Investigating Associational Biases in Inter-Model Communication of Large Generative Models

Social bias in generative AI can manifest not only as performance disparities but also as associational bias, whereby models learn and reproduce stereotypical associations between concepts and demographic groups, even in the absence of explicit demographic information (e.g., associating doctors with men). These associations can persist, propagate, and potentially amplify across repeated exchanges in inter-model communication pipelines, where one generative model's output becomes another's input. This is especially salient for human-centred perception tasks, such as human activity recognition and affect prediction, where inferences about behaviour and internal states can lead to errors or stereotypical associations that propagate into unequal treatment. In this work, focusing on human activity and affective expression, we study how such associations evolve within an inter-model communication pipeline that alternates between image generation and image description. Using the RAF-DB and PHASE datasets, we quantify demographic distribution drift induced by model-to-model information exchange and assess whether these drifts are systematic using an explainability pipeline. Our results reveal demographic drifts toward younger representations for both actions and emotions, as well as toward more female-presenting representations, primarily for emotions. We further find evidence that some predictions are supported by spurious visual regions (e.g., background or hair) rather than concept-relevant cues (e.g., body or face). We also examine whether these demographic drifts translate into measurable differences in downstream behaviour, i.e., while predicting activity and emotion labels. Finally, we outline mitigation strategies spanning data-centric, training and deployment interventions, and emphasise the need for careful safeguards when deploying interconnected models in human-centred AI systems.

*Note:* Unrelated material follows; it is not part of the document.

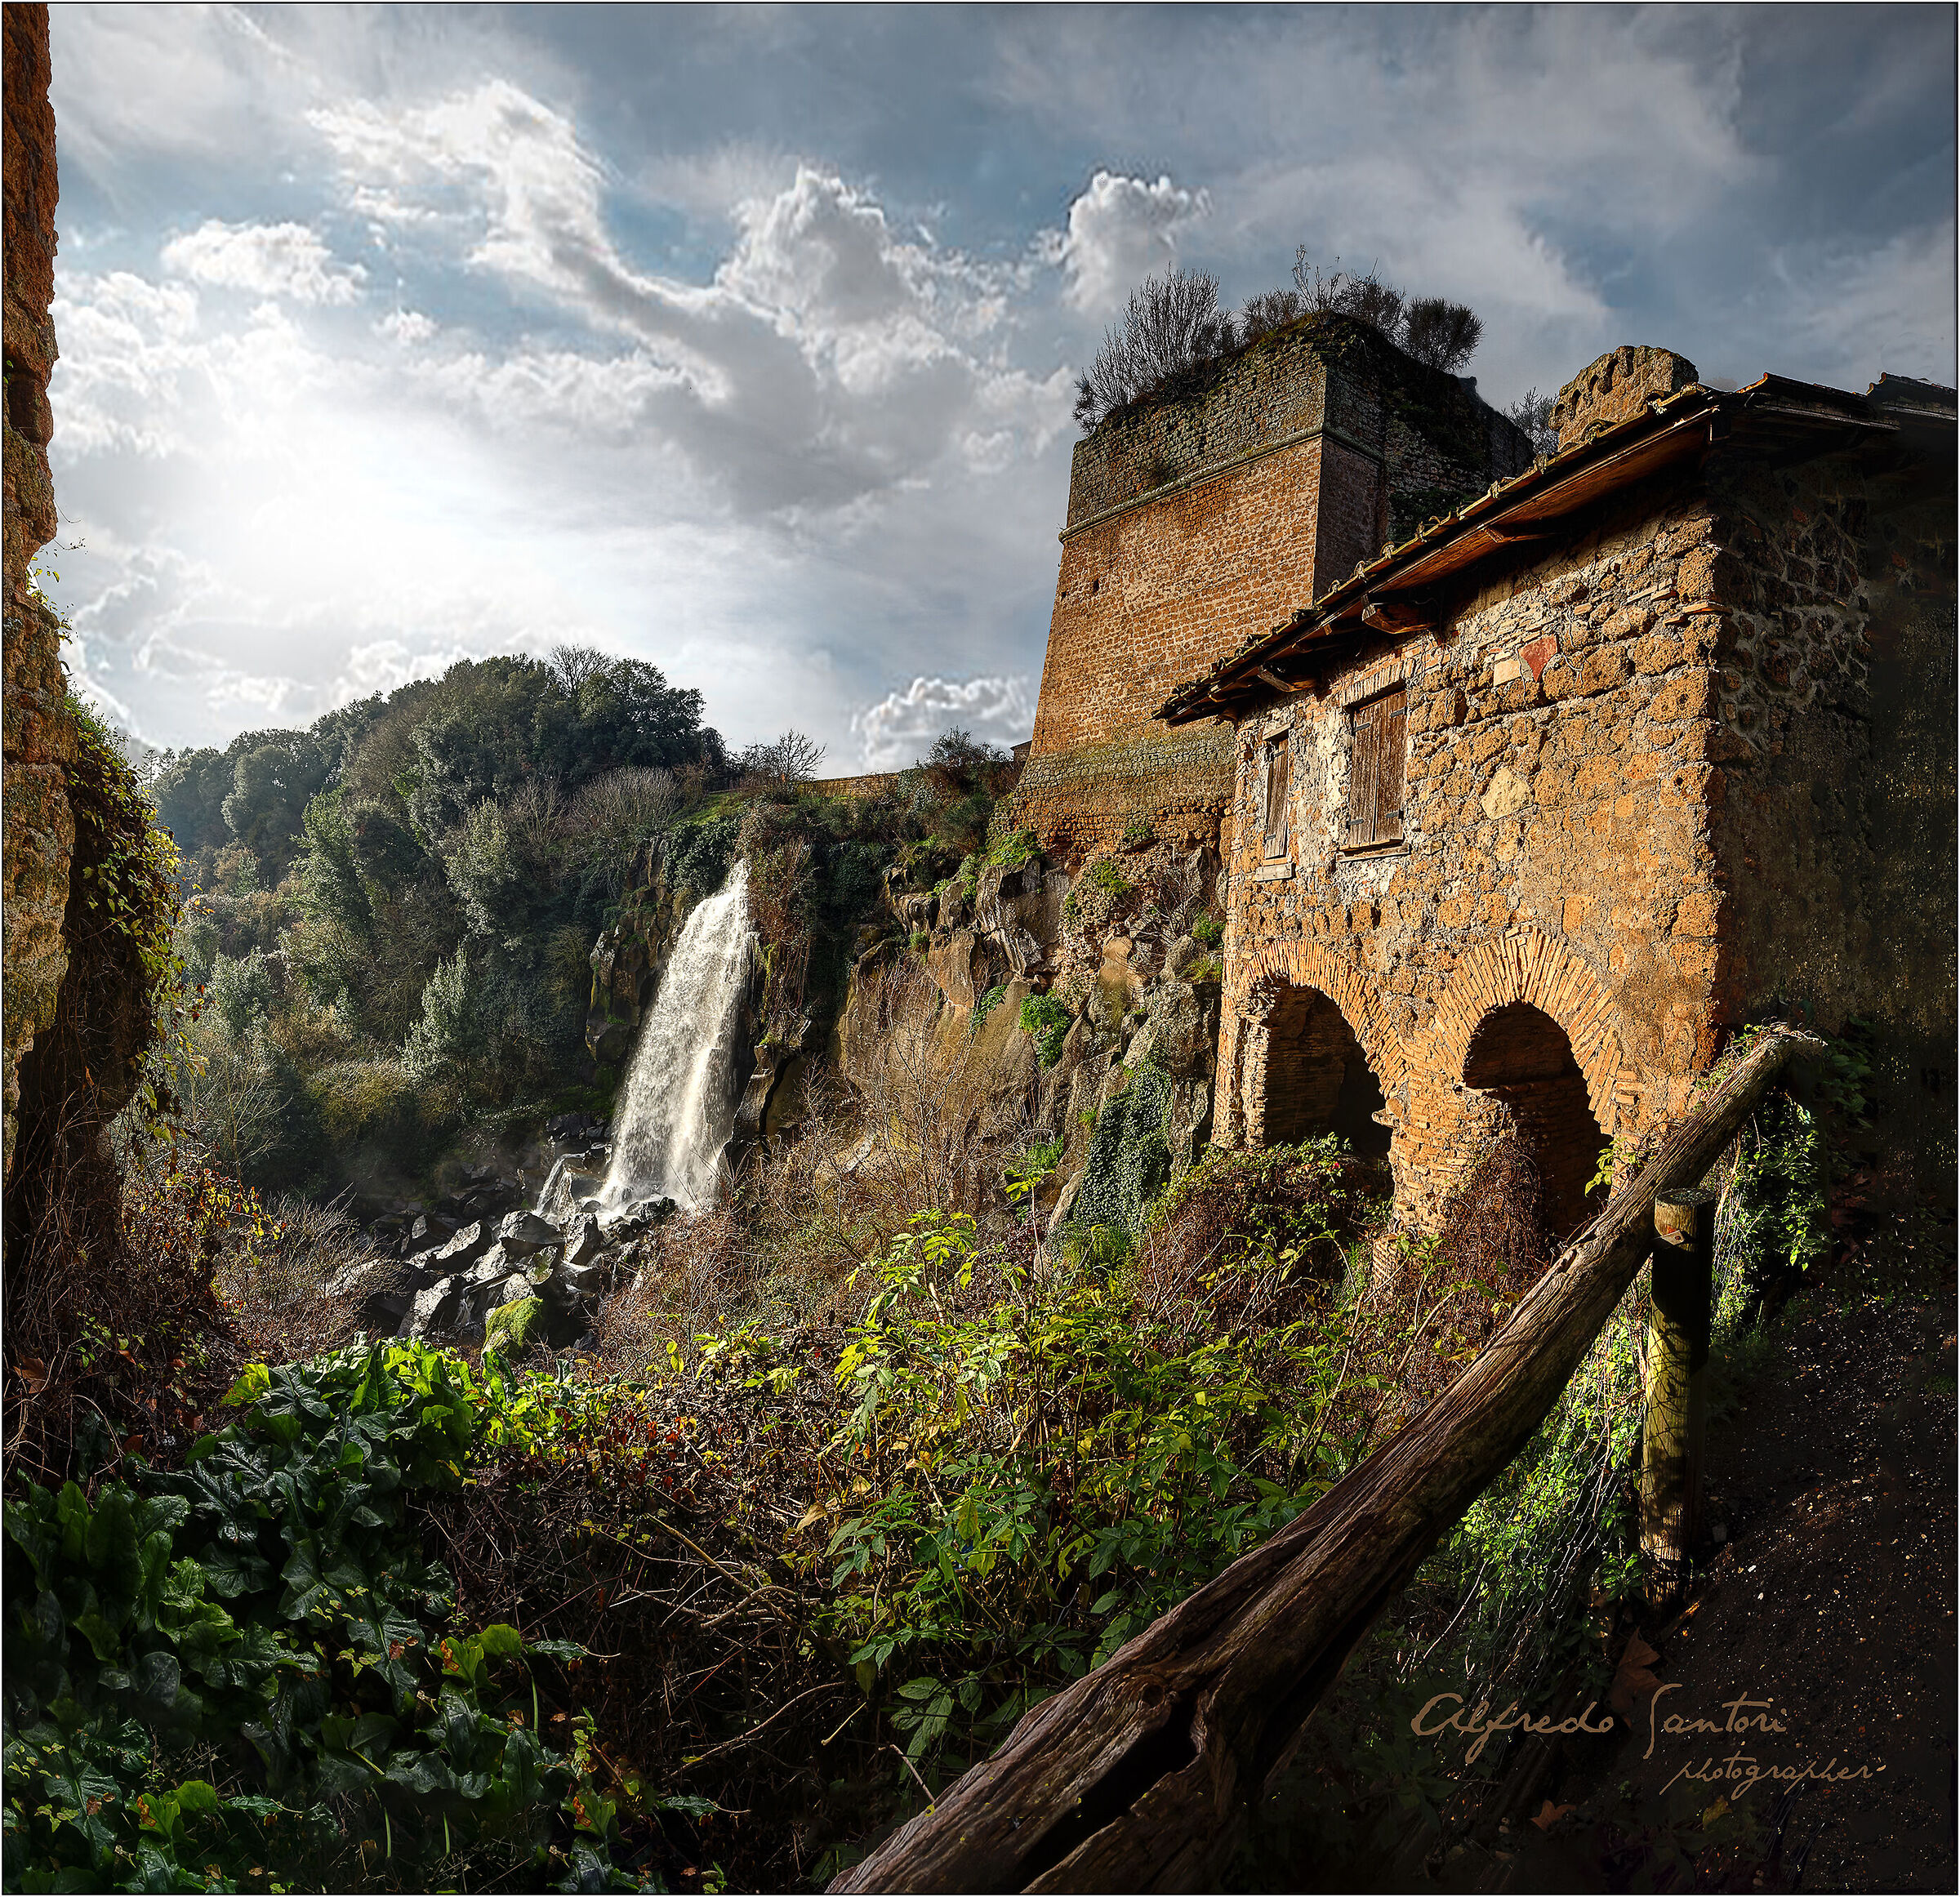 The Cavaterra waterfall...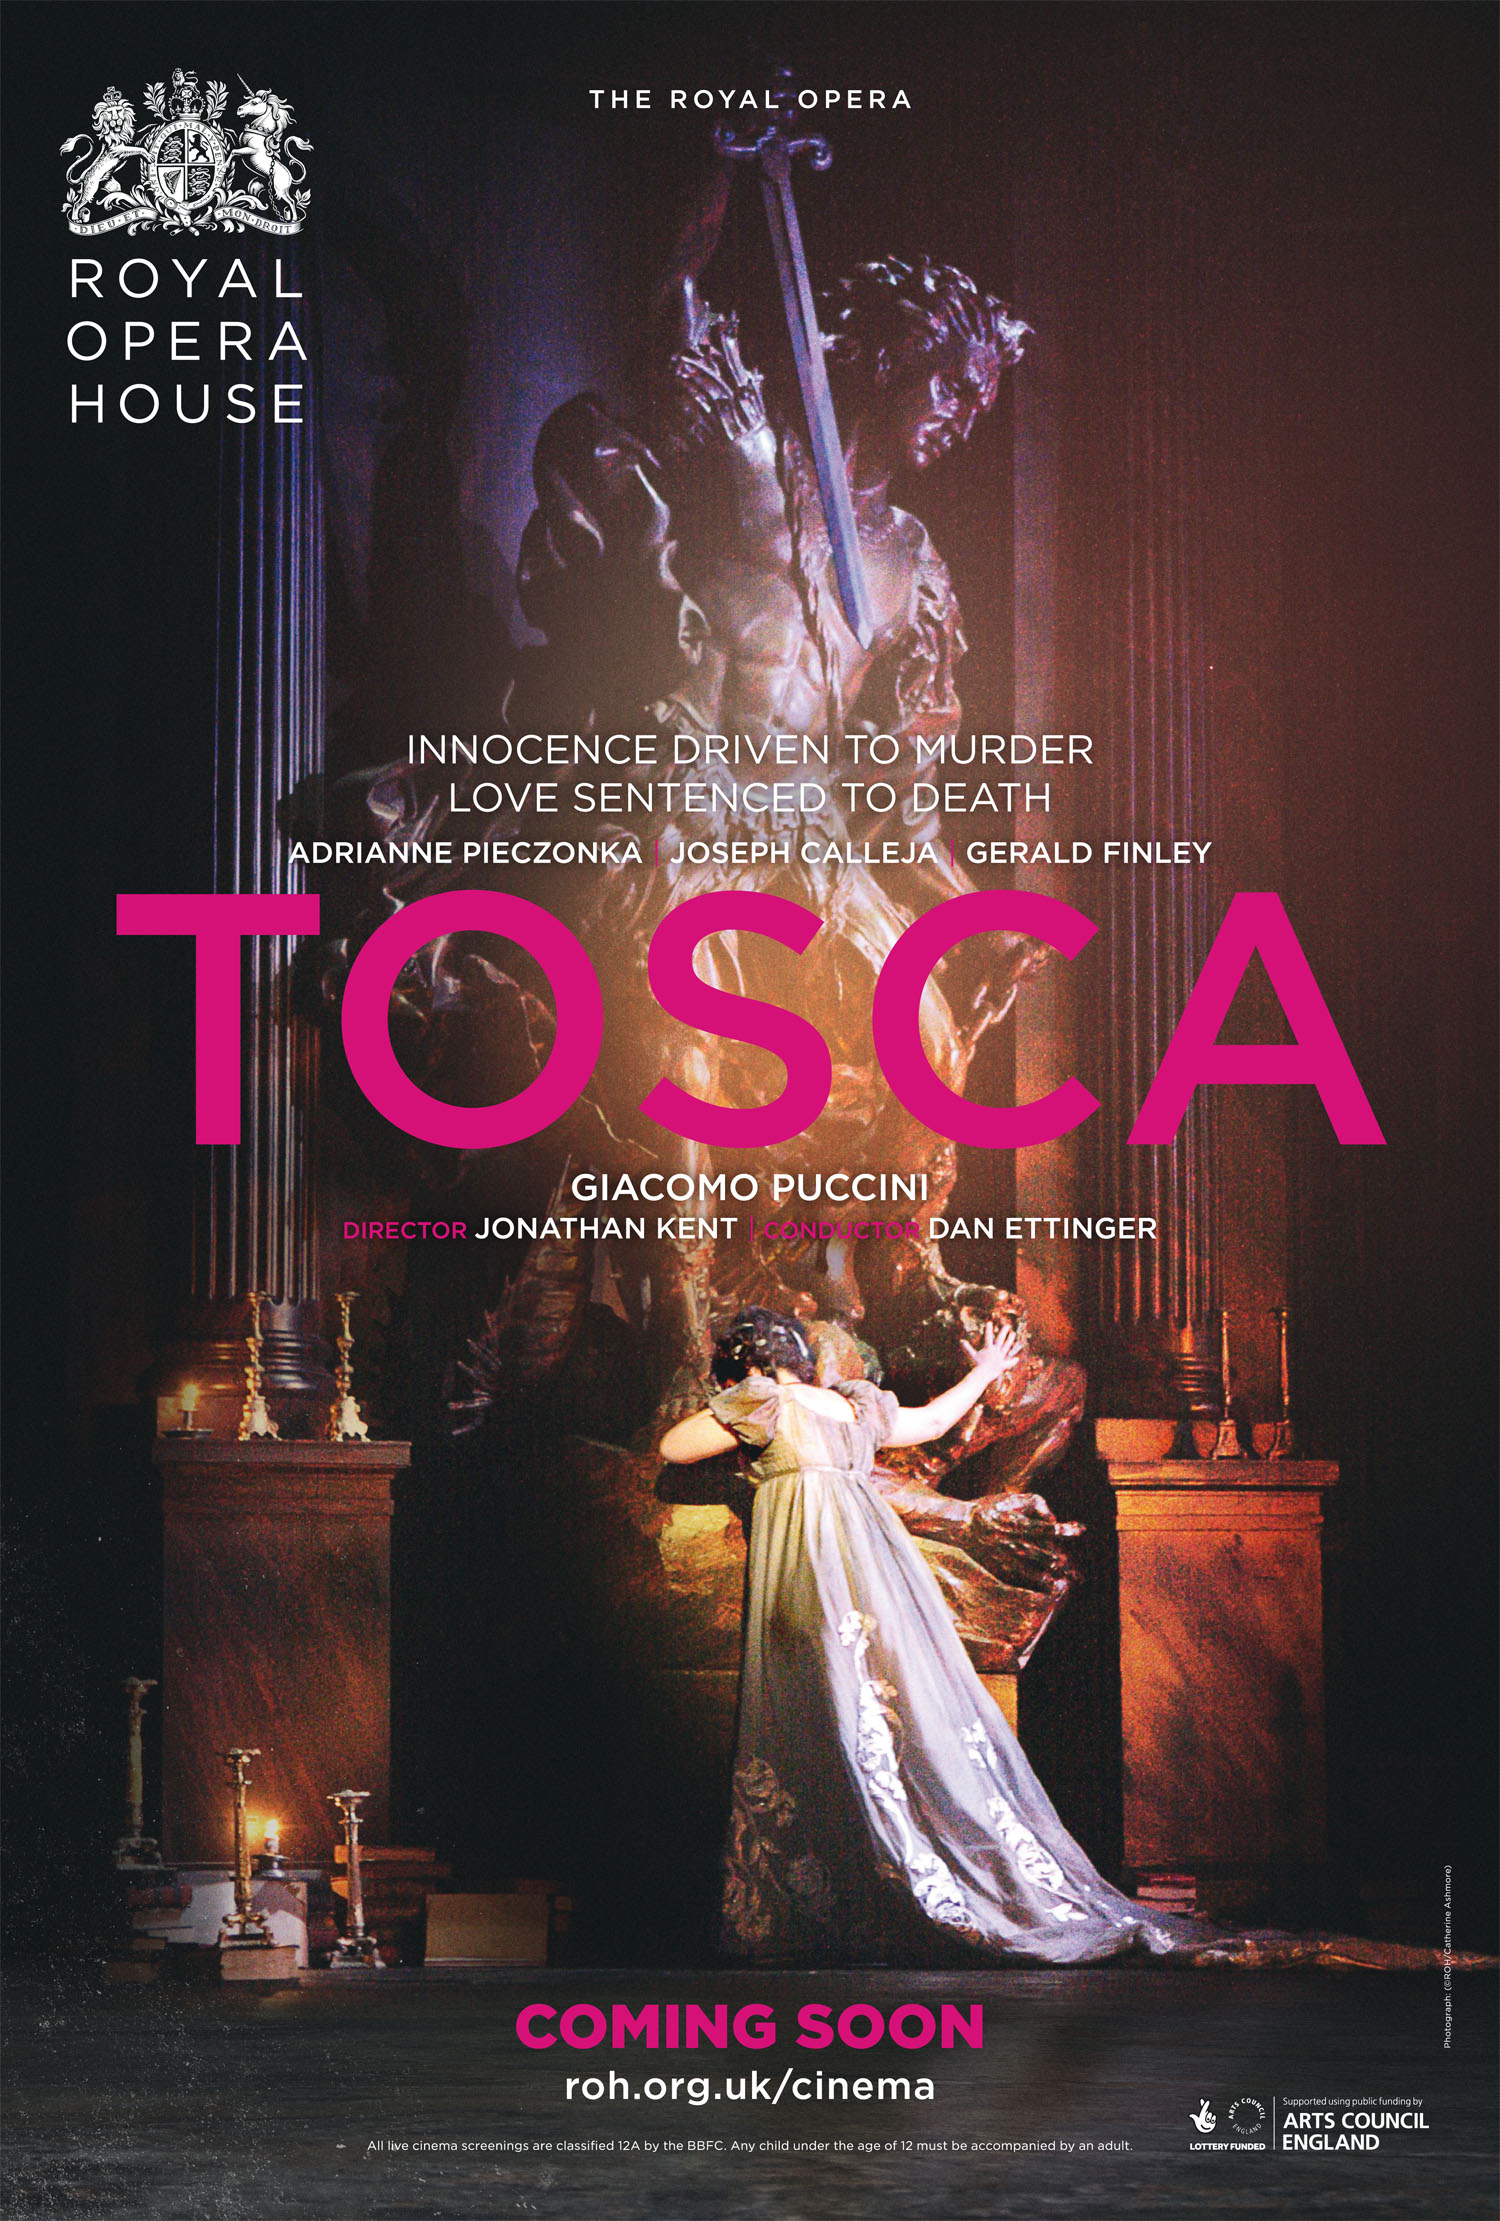 Òpera 'Tosca' - Royal Opera House

翻译：生成式人工智能中的社会偏见不仅表现为性能差异，还可体现为关联性偏见——即使在没有明确人口统计信息的情况下，模型仍能学习并再现概念与人口群体之间的刻板关联（例如将医生与男性关联）。在模型间通信管道中，当某个生成模型的输出成为另一模型的输入时，这些关联可能在反复交换过程中持续存在、传播甚至放大。这对于以人为中心的感知任务（如人类活动识别与情感预测）尤为显著，因为对行为及内在状态的推断可能导致错误或刻板关联，进而引发不平等待遇。本研究聚焦人类活动与情感表达，探究此类关联在图像生成与图像描述交替进行的模型间通信管道中如何演变。基于RAF-DB和PHASE数据集，我们量化了模型间信息交换引发的人口统计分布漂移，并通过可解释性管道评估这些漂移是否具有系统性。研究结果显示：在动作与情感识别中均出现向年轻化表征的人口统计漂移；情感识别中还呈现向女性化表征的漂移。进一步研究发现，部分预测依赖于虚假视觉区域（如背景或头发）而非概念相关线索（如身体或面部）。我们还检验了这些人口统计漂移是否转化为下游行为中的可测量差异（即预测活动与情感标签时）。最后，我们提出涵盖数据层面、训练阶段与部署阶段的缓解策略，并强调在以人为中心的人工智能系统中部署互联模型时需建立审慎的防护机制。